Ao longo dos próximos anos vamos aprender muito mais sobre estas relações e sobre a forma como o alfabeto da vida
determina ou condiciona cada passo da vida. Mas tal como na física quântica se descobriu que não se pode determinar
o lugar onde se situa em cada momento cada partícula atómica, na genética estamos a aprender que conhecer a
sequência exata do ADN de um recém-nascido não vai automaticamente permitir saber se ele terá aptidão para a
matemática. A primeira vítima da revelação do genoma humano é, pois, o determinismo biológico.
Ao descobrirmos as nossas semelhanças com o verme Caenorhabditis elegans, com quem partilhamos dez por cento
dos genes, quase letra por letra, e ao descobrirmos o pouco que separa as diferentes populações humanas, fazemos
ruir um mundo de preconceitos.
As chamadas diferenças raciais, por exemplo, são determinadas por uma parte minúscula dos nossos genes. Mais: é
por vezes possível encontrar maiores diferenças genéticas entre duas pessoas que vivem na mesma cidade e se
parecem superficialmente, do que entre um negro africano e um louro escandinavo. De resto existe maior variação
genética entre os negros africanos do que entre as populações de todo o resto do mundo. O racismo é, por isso, outra
das vítimas deste apaixonante avanço científico.
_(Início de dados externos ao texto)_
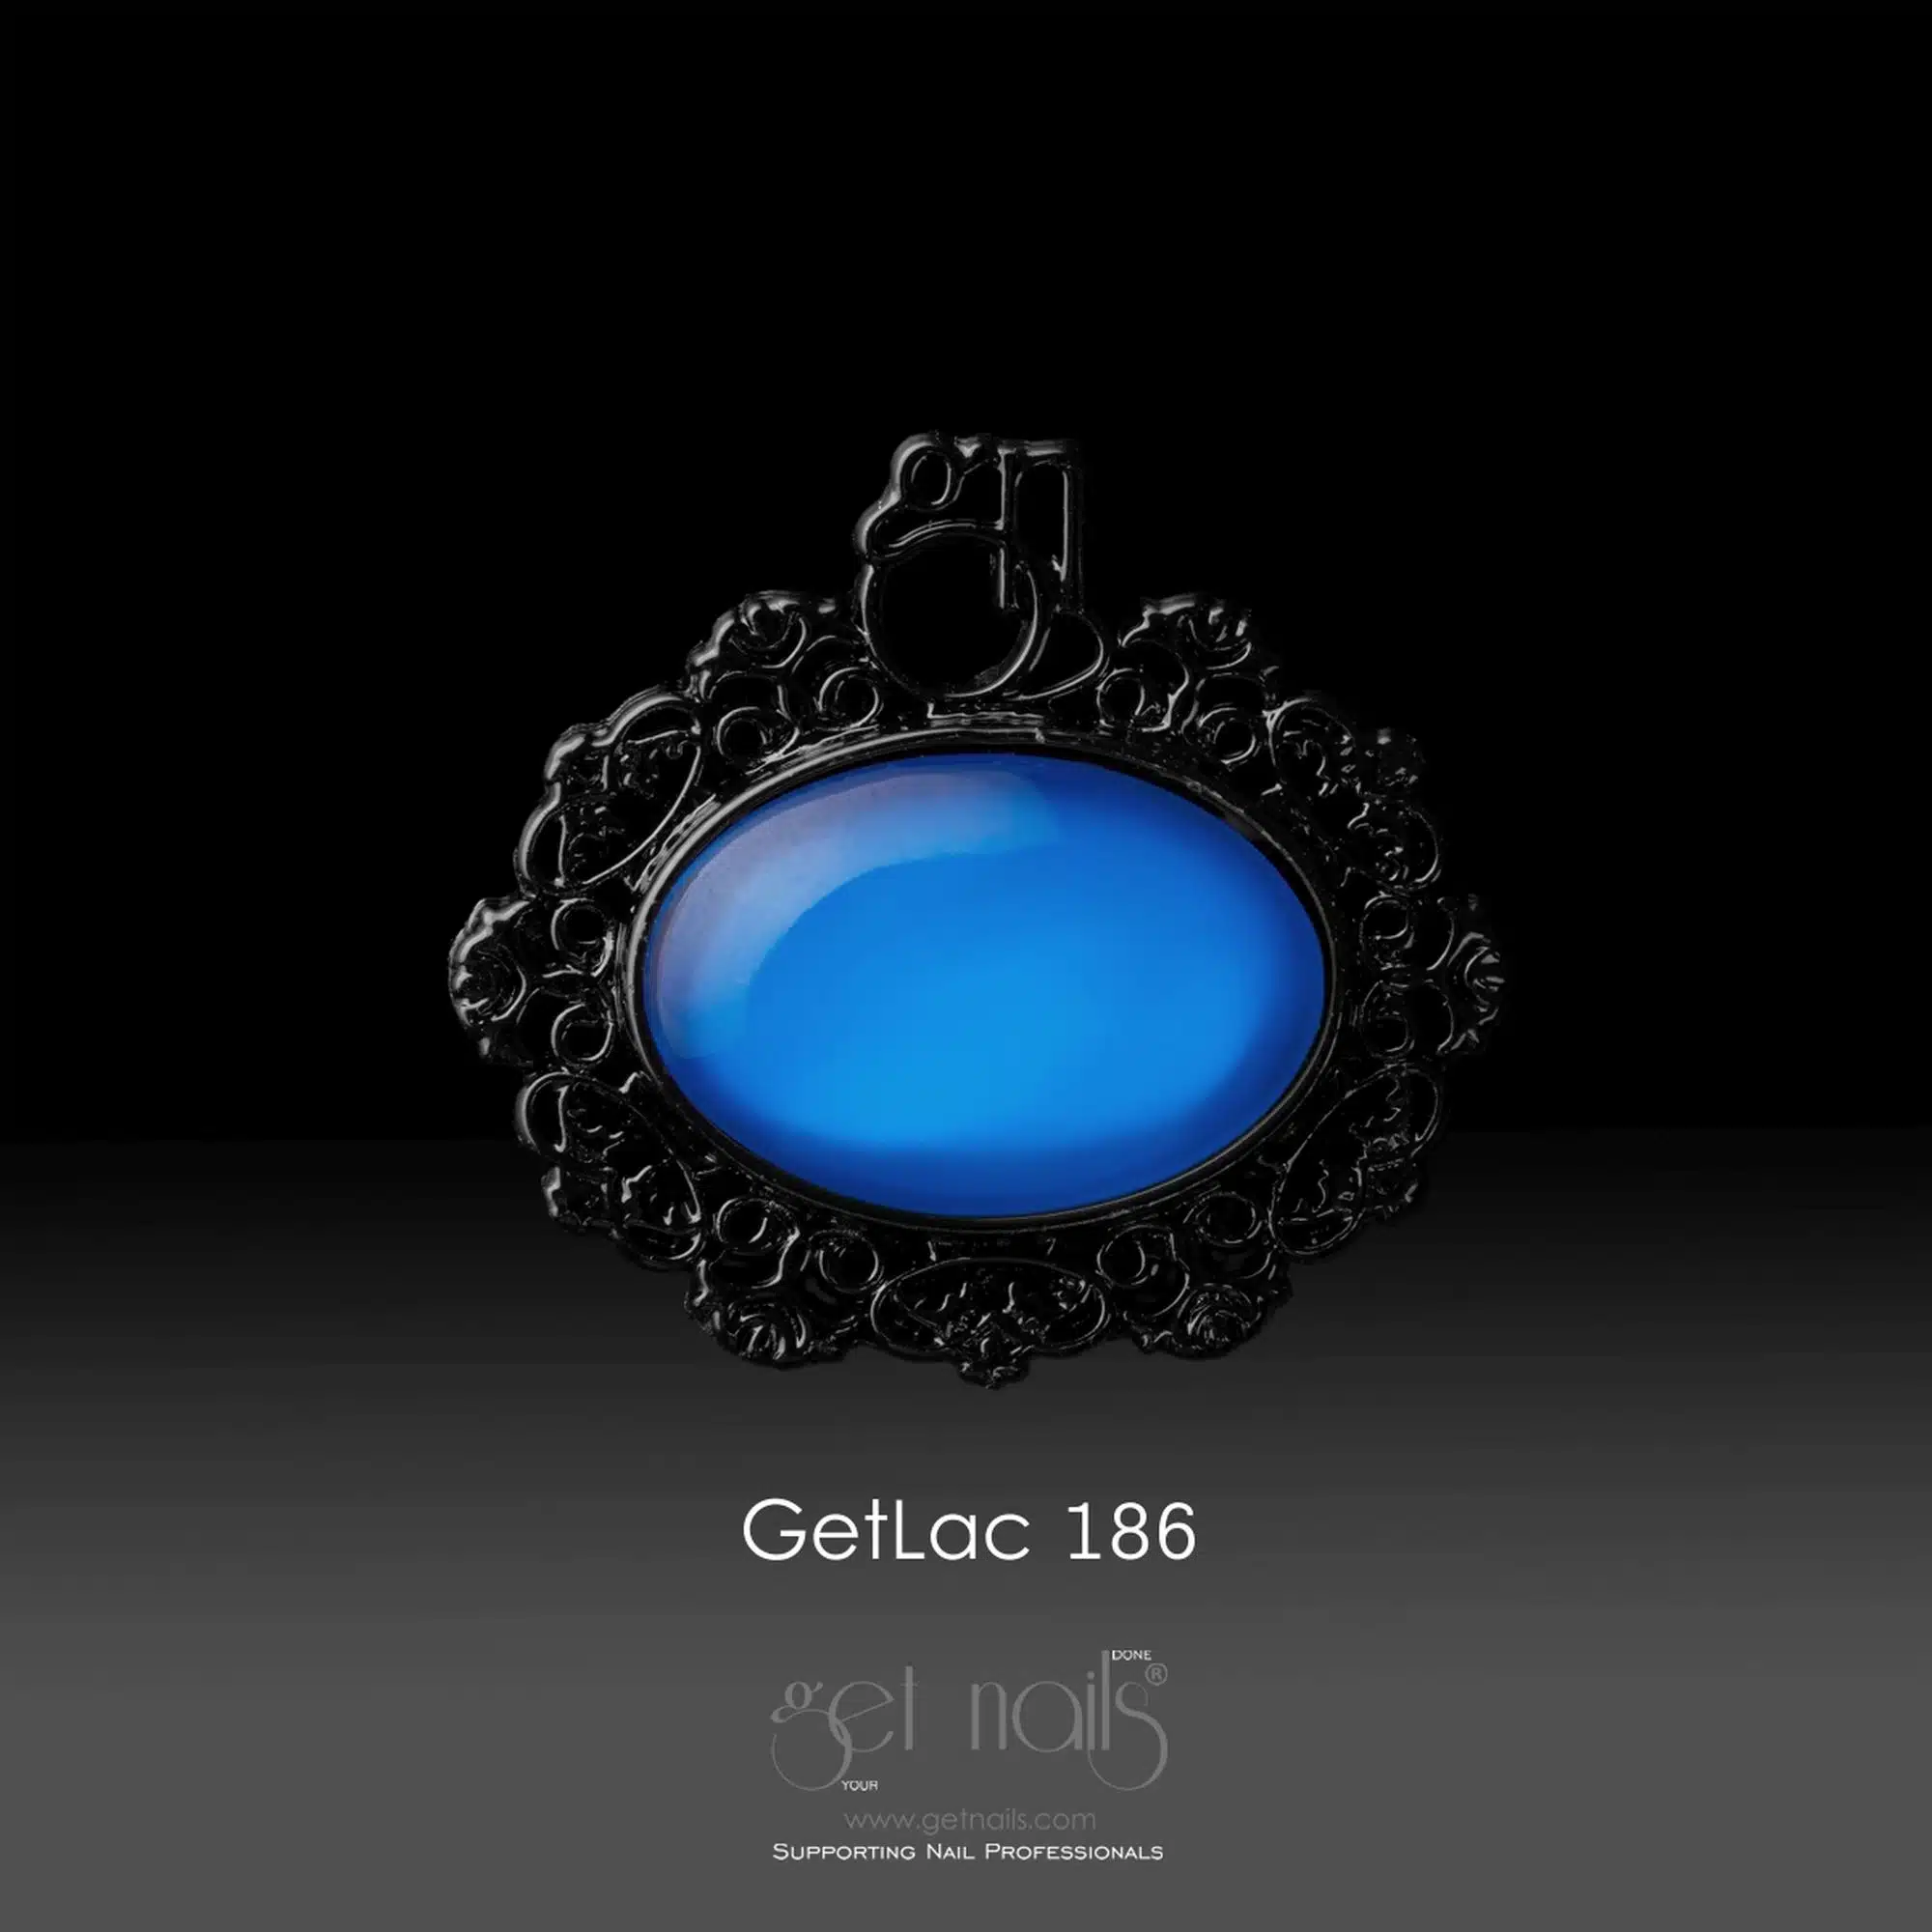 Get Nails Австрия - GetLac 186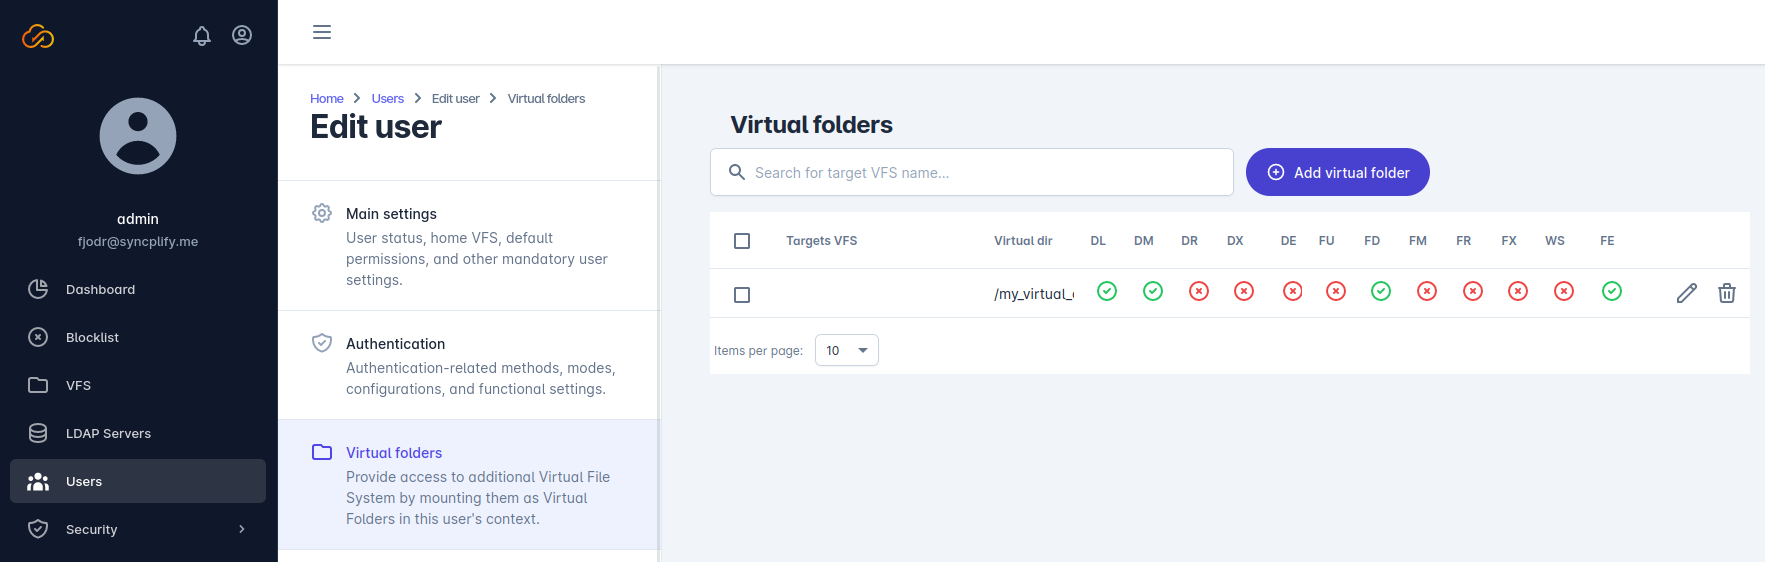 virtual_folders

Estas admiráveis descobertas colocam a Humanidade no limiar de um mundo novo. Um "admirável mundo novo", tal
como imaginou Aldous Huxley? Depende de nós, depende de todos.
Da mesma forma que o nosso ADN não é responsável pelos nossos disparates, as portas que a ciência abre não
conduzem obrigatoriamente ao céu ou ao inferno. A sequenciação do genoma, a que partir de ontem qualquer cientista
pode aceder clicando na Internet, abre enormes possibilidades no combate às doenças, no melhoramento de vacinas ou
no diagnóstico precoce de enfermidades. Mas, se os Estados avançados onde decorreu a investigação não tomarem
medidas, podem também abrir-se portas aos piores pesadelos.
Importa pois tomar precauções. Importa regular o regime das patentes, conciliando a necessidade de motivar os
laboratórios privados com a obrigação de tornar os novos medicamente acessíveis mesmo aos mais pobres. Importa
regular os testes genéticos, obstando a que estes se tornem motivos de discriminação no emprego ou na obtenção de
um seguro de saúde. Importa regular a manipulação dos genes humanos, separando o que é boa ciência do que são
aprendizes de Frankenstein.
Os cientistas estão a fazer o seu papel. Importa que os responsáveis políticos cumpram também as suas obrigações,
prevenindo um futuro que tem obrigação de ser admirável.”